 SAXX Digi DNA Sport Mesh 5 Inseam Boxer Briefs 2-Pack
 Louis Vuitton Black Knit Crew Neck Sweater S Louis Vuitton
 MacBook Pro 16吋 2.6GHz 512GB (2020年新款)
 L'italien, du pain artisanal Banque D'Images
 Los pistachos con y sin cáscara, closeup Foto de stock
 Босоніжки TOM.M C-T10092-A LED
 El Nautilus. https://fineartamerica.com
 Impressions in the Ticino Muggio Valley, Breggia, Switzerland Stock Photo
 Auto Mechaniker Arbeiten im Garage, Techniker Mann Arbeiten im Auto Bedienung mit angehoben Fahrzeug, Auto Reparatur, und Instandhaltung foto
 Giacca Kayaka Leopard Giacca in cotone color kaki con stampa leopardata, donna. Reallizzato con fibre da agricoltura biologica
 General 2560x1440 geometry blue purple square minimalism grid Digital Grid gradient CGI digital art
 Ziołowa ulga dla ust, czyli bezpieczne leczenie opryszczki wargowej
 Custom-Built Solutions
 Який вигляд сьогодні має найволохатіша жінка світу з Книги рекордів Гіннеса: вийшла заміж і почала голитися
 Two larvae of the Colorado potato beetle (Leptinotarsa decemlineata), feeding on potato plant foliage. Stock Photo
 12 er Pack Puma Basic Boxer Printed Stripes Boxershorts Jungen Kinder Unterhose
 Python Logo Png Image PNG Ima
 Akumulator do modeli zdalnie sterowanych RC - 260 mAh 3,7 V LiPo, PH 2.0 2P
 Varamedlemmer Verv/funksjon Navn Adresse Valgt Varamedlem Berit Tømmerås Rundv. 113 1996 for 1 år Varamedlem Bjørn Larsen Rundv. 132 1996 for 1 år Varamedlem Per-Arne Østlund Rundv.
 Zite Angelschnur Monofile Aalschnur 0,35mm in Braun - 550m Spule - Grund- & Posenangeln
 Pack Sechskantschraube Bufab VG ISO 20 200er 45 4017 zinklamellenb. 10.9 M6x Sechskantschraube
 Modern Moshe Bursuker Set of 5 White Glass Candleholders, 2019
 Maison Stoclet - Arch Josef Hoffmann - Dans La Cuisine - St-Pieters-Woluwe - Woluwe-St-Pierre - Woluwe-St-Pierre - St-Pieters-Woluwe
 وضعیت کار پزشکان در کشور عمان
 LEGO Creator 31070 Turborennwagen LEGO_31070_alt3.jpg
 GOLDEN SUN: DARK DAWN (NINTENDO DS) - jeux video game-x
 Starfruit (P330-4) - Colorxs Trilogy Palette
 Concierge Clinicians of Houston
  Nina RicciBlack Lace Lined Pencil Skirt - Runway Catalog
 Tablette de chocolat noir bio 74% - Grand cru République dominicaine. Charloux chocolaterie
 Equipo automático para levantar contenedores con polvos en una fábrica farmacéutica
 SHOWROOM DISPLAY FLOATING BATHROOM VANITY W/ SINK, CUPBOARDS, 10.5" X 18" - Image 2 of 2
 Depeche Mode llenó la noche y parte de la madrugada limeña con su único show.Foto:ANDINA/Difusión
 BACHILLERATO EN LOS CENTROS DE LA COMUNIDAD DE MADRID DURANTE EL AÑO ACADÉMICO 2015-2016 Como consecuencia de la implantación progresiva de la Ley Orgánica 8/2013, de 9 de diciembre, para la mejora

▬▬▬▬▬▬▬▬▬▬

## Work instruction
Could you write out, exactly as they stand, only the lines above that begin at the line with "Nina RicciBlack Lace" and stop after the line with "Depeche Mode llenó"?

## Task answer
  Nina RicciBlack Lace Lined Pencil Skirt - Runway Catalog
 Tablette de chocolat noir bio 74% - Grand cru République dominicaine. Charloux chocolaterie
 Equipo automático para levantar contenedores con polvos en una fábrica farmacéutica
 SHOWROOM DISPLAY FLOATING BATHROOM VANITY W/ SINK, CUPBOARDS, 10.5" X 18" - Image 2 of 2
 Depeche Mode llenó la noche y parte de la madrugada limeña con su único show.Foto:ANDINA/Difusión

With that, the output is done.